設定記述例(2) ファイル名指定で Expires を設定する
ファイル形式ではなく、ファイル名を指定して Expires ヘッダを返却したい場合は <FilesMatch …> と ExpiresDefault を組み合わせて指定すると便利です。
<ifModule mod_expires.c>
ExpiresActive On
<FilesMatch "^(icon-).+$">
ExpiresDefault "access plus 1 month"
</FilesMatch>
</ifModule>
上の例では icon- で始まる名前のファイルにアクセスされた場合に、ファイル形式に捉われずに Expires ヘッダを返却するように設定しています。
キャッシュ期間の表現
上記の例ではキャッシュ有効期限を access plus 1 month と指定しましたが、次のような書式で様々な指定ができます。
access plus 期間
now plus 期間
modification plus 期間
access と now は、アクセス時間をもとにキャッシュ有効期限を指定する場合の表記です。 access も now もどちらも意味は同等です。 「アクセスした時から1週間キャッシュしろ」のような指定をすることができます。 一方 modification は、ファイルの更新日時を起点として有効期限を指定する場合に利用します。
期間の指定には次のキーワードを指定できます。
キーワード | 説明 |
---|---|
year(s) | 年 |
month(s) | 月 |
week(s) | 週 |
day(s) | 日 |
hour(s) | 時 |
minute(s) | 分 |
second(s) | 秒 |
これらを組み合わせて、次のようなキャッシュ期間の指定ができます。
- access plus 1 month
- access plus 3 months
- access plus 1 year
- access plus 1 month 15 days 2 hours
設定における注意点
最後に Expires の設定における注意点について解説します。
まずは、繰り返しになりますが、動的コンテンツに Expires を設定しないことです。 アクセスするたびに変化するような性質のコンテンツに Expires を設定してしまうと、利用者には更新されたコンテンツが表示されなくなってしまいます。 静的コンテンツにのみ Expires が返却されるように設定するように注意してください。
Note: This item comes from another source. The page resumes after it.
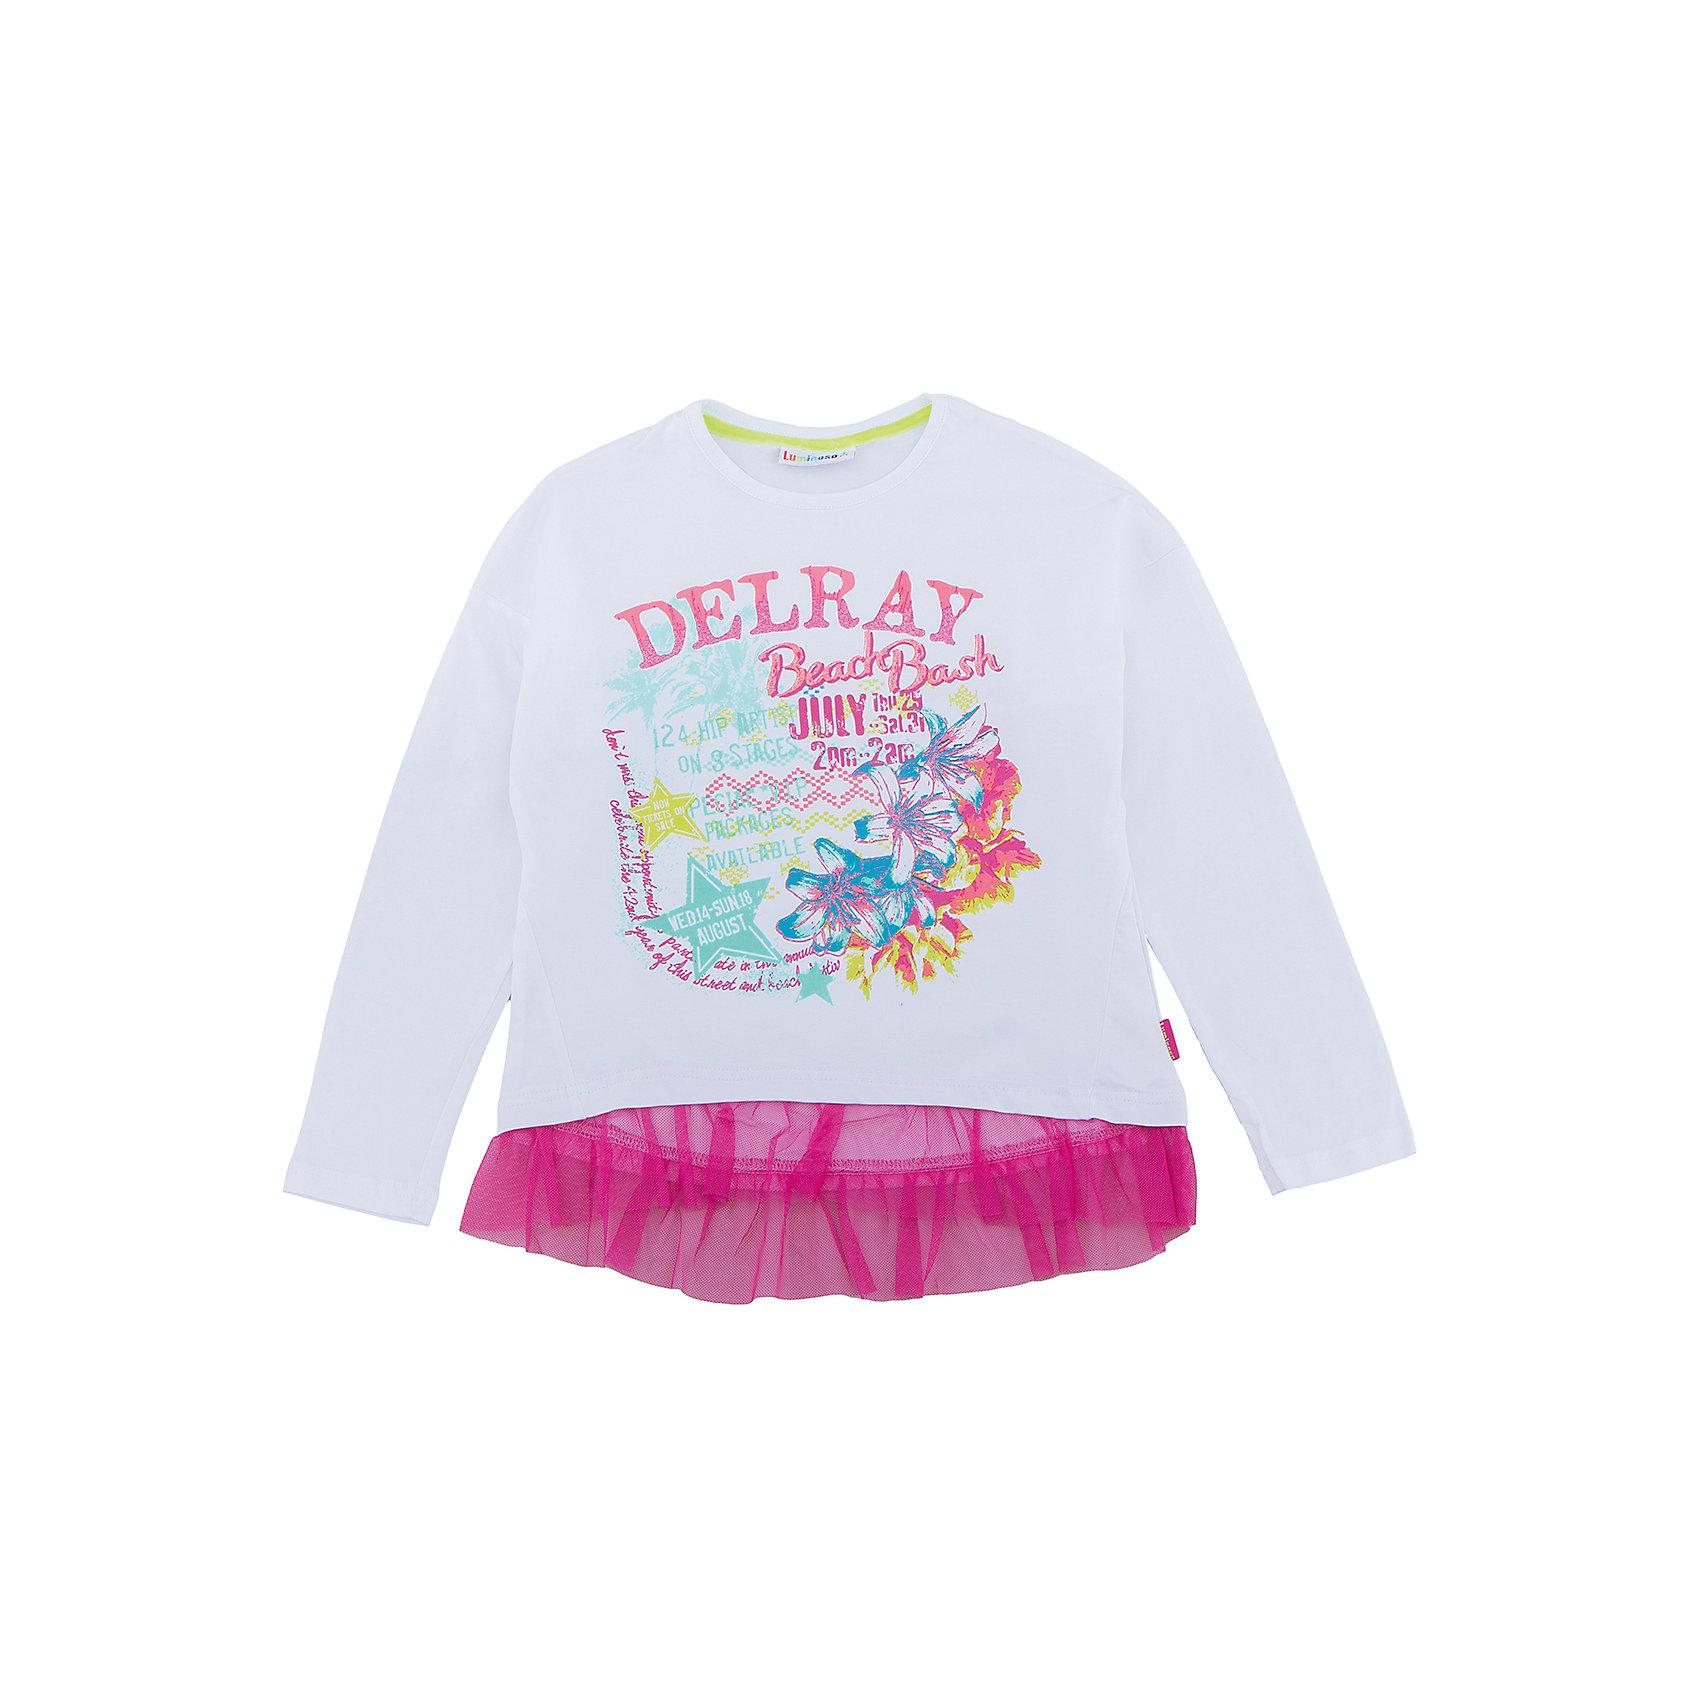 Футболка для девочки LuminosoСтильная футболка  из трикотажной, мягкой ткани для девочки с длинным рукавом. Декорирована ярким принтом и кружевом по низу изделия.<br>Состав:<br>95%хлопок 5%эластан<br><br>Ширина мм: 199<br>Глубина мм: 10<br>Высота мм: 161<br>Вес г: 151<br>Цвет: белый<br>Возраст от месяцев: 96<br>Возраст до месяцев: 108<br>Пол: Женский<br>Возраст: Детский<br>Размер: 134,140,146,152,158,164<br>SKU: 5413696
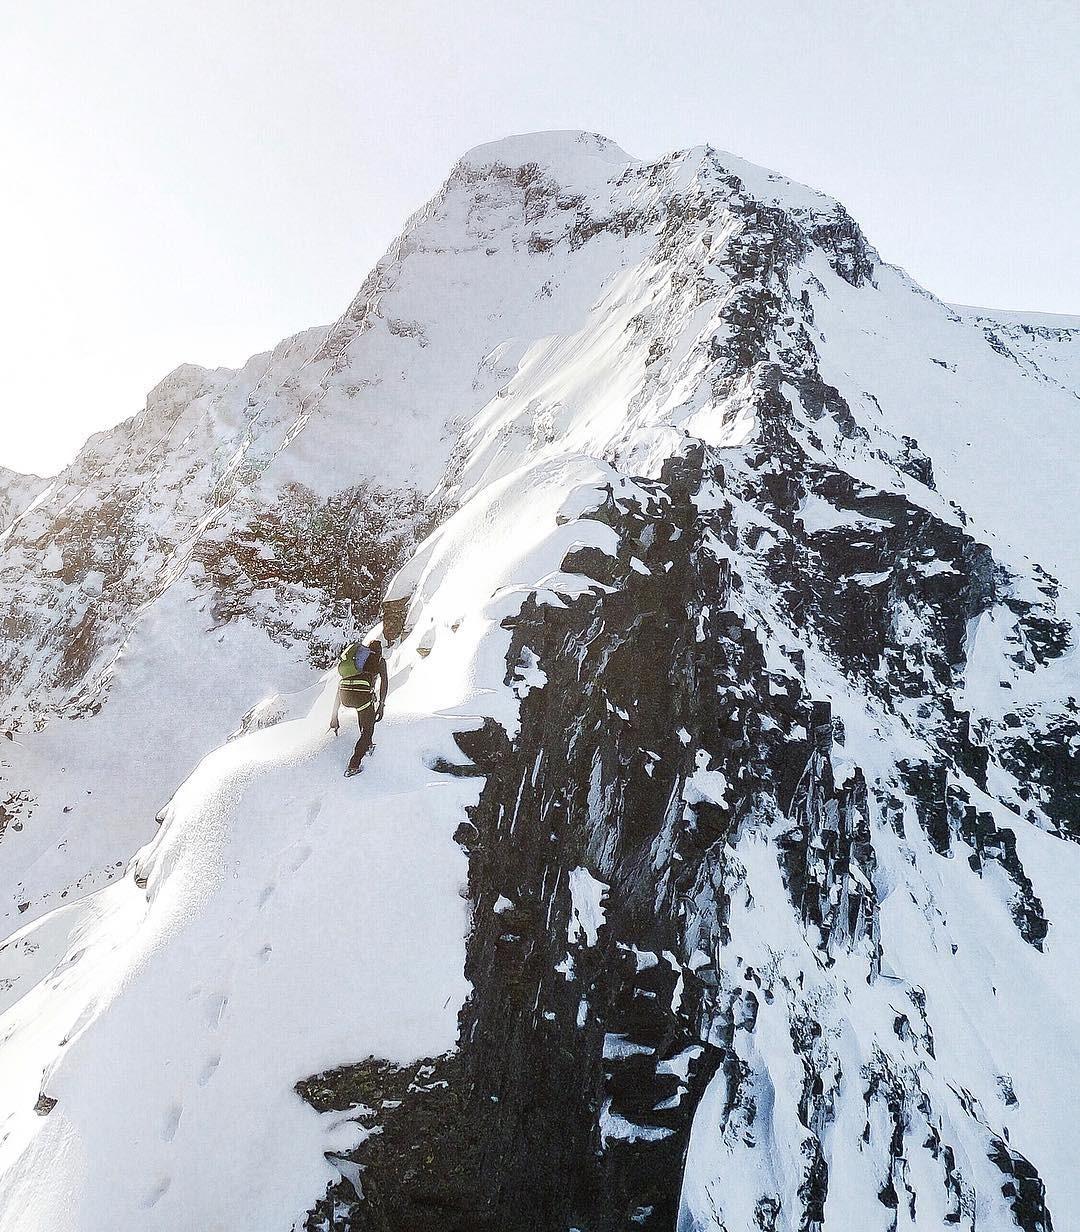 Fotografía montaña Pirineos by @pvignaux

また、キャッシュ有効期限にも注意が必要です。 1週間〜1年の期間を設定することが望ましいとされていますが、1年を超える設定はPRCのガイドラインに反する点は注意が必要です。
おわりに
本稿では Expires ヘッダを返却する mod_expires について解説しました。 WEBページの高速化、HTTPサーバーの負荷軽減の対策の一つとしてぜひ取り入れてみてください。